* SOURCE MATERIAL:
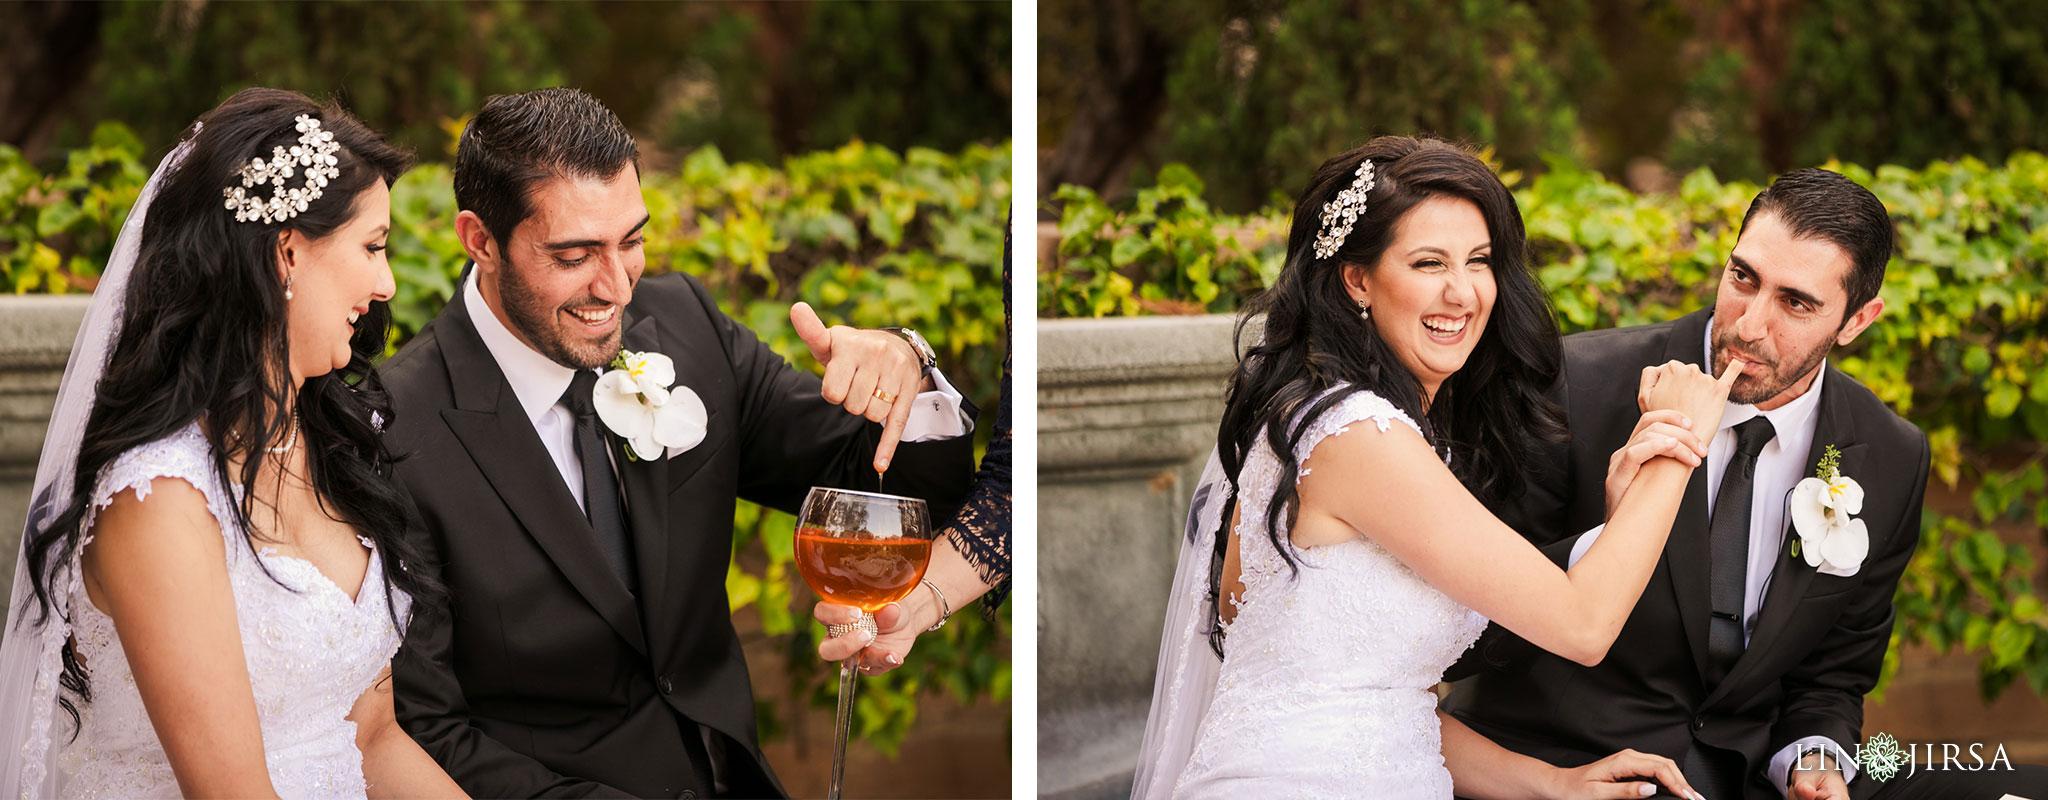 034 estancia la jolla hotel spa persian sofreh wedding ceremony photography
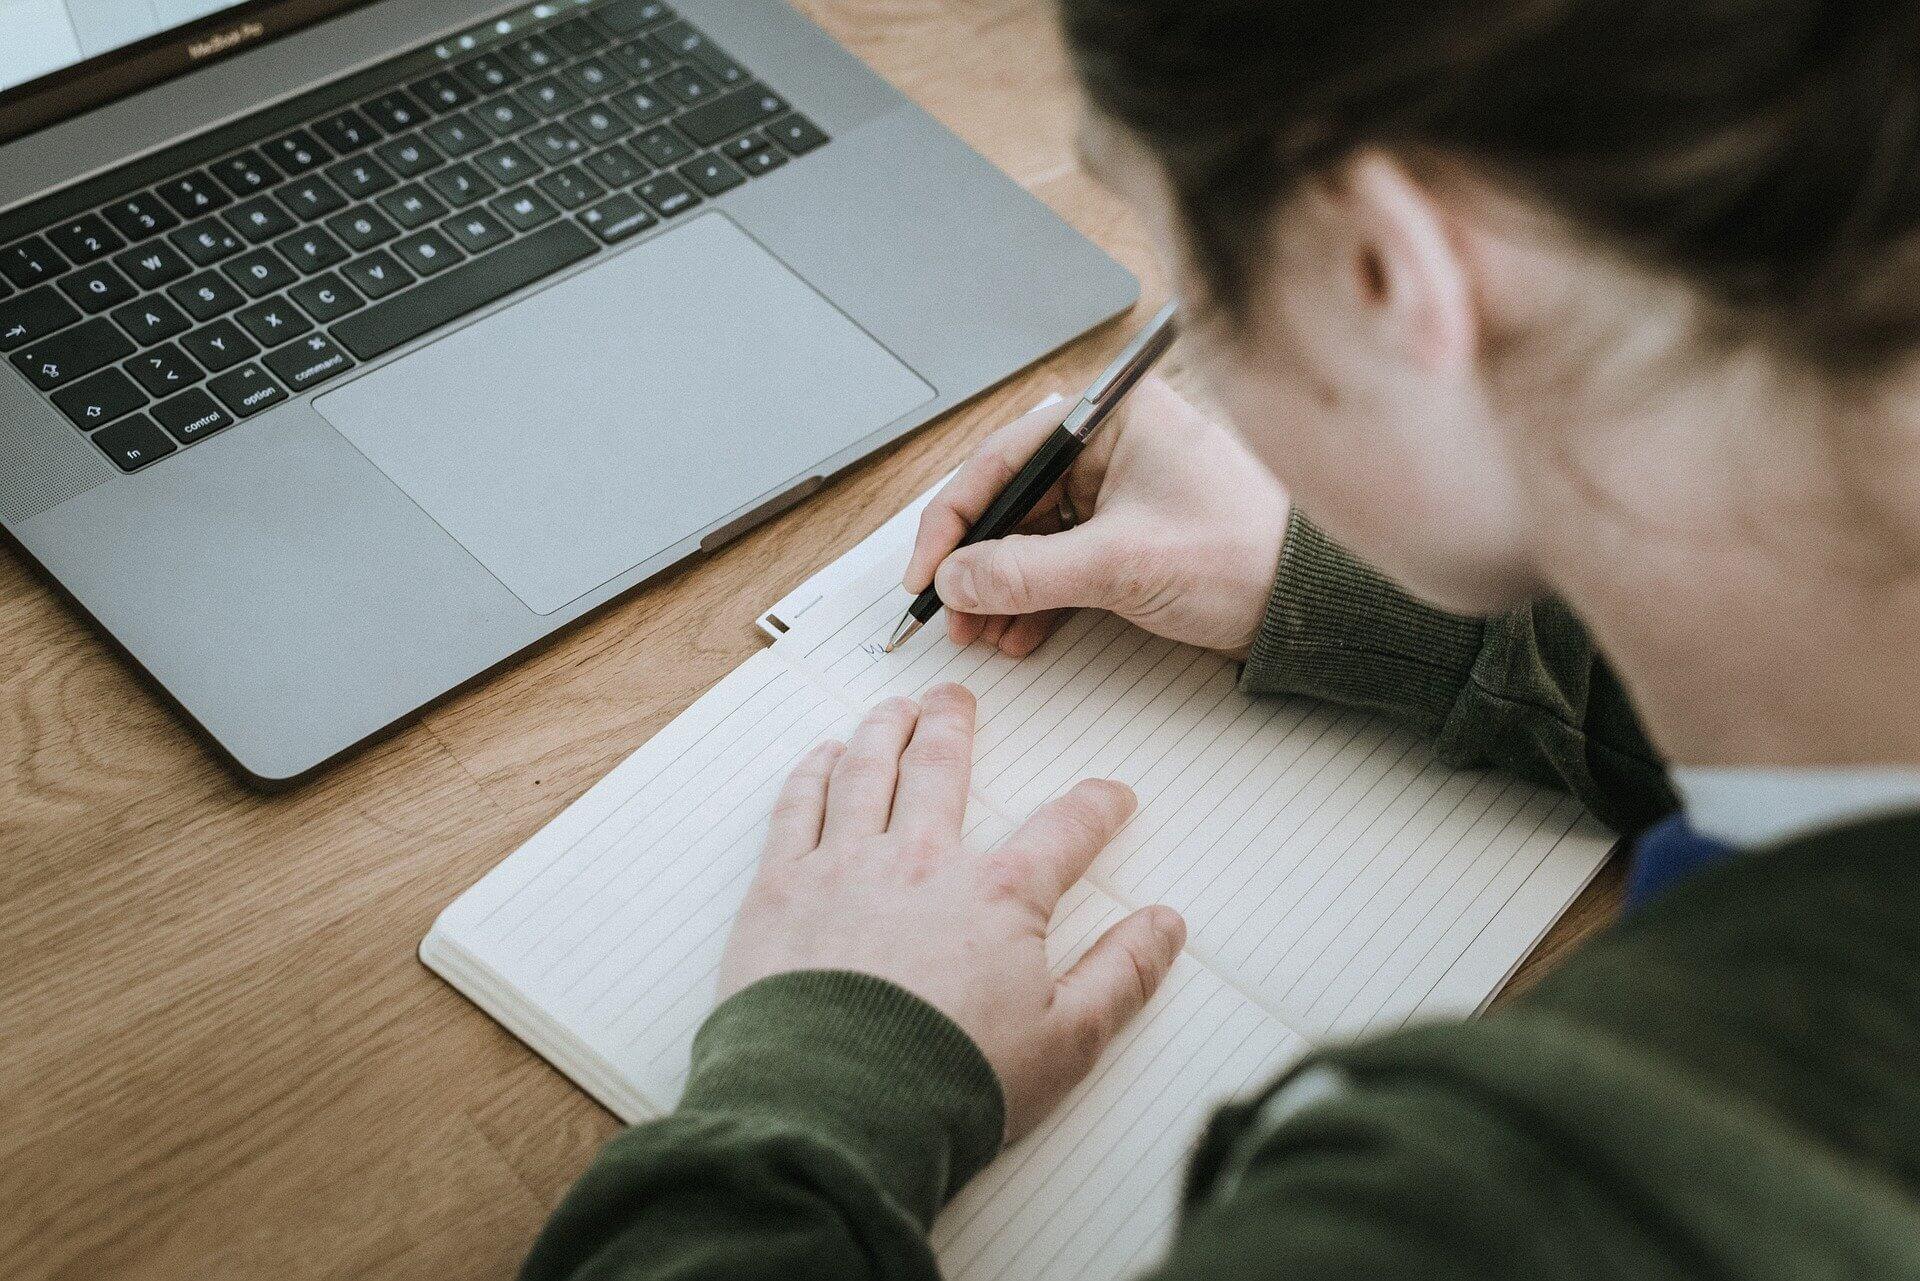 webデザイン、スクール、学ぶ2−5
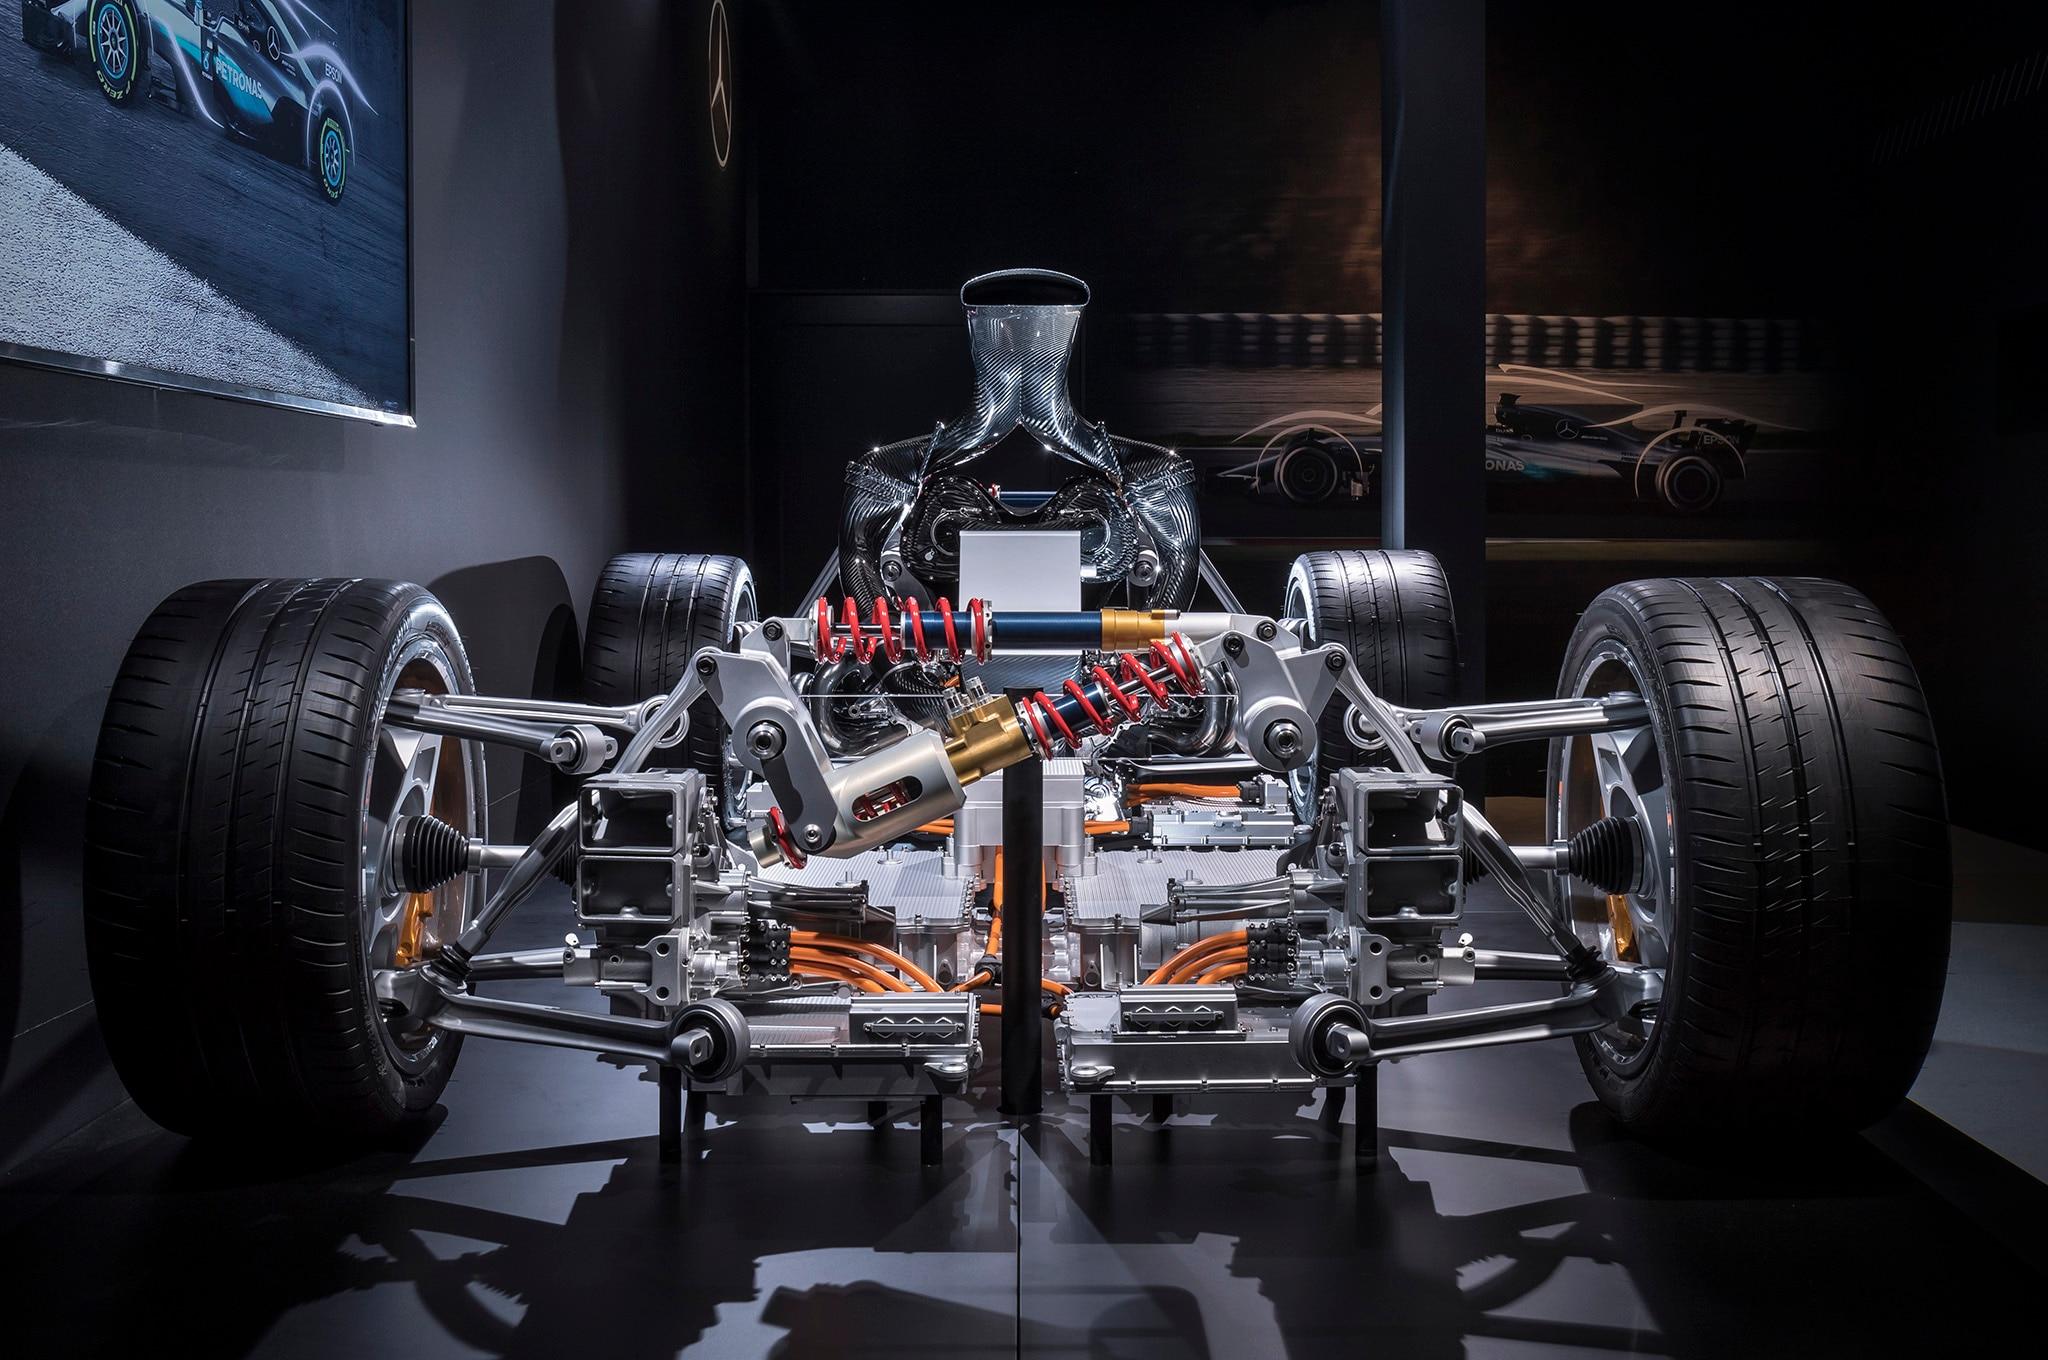 Mercedes amg project one hypercar s powertrain revealed for Mercedes benz amg project one

* EXERCISE OBJECTIVE: Apart from the images, please copy every line of the data exactly as written.

* SOLUTION TO THE EXERCISE:
 034 estancia la jolla hotel spa persian sofreh wedding ceremony photography
 webデザイン、スクール、学ぶ2−5
 Mercedes amg project one hypercar s powertrain revealed for Mercedes benz amg project one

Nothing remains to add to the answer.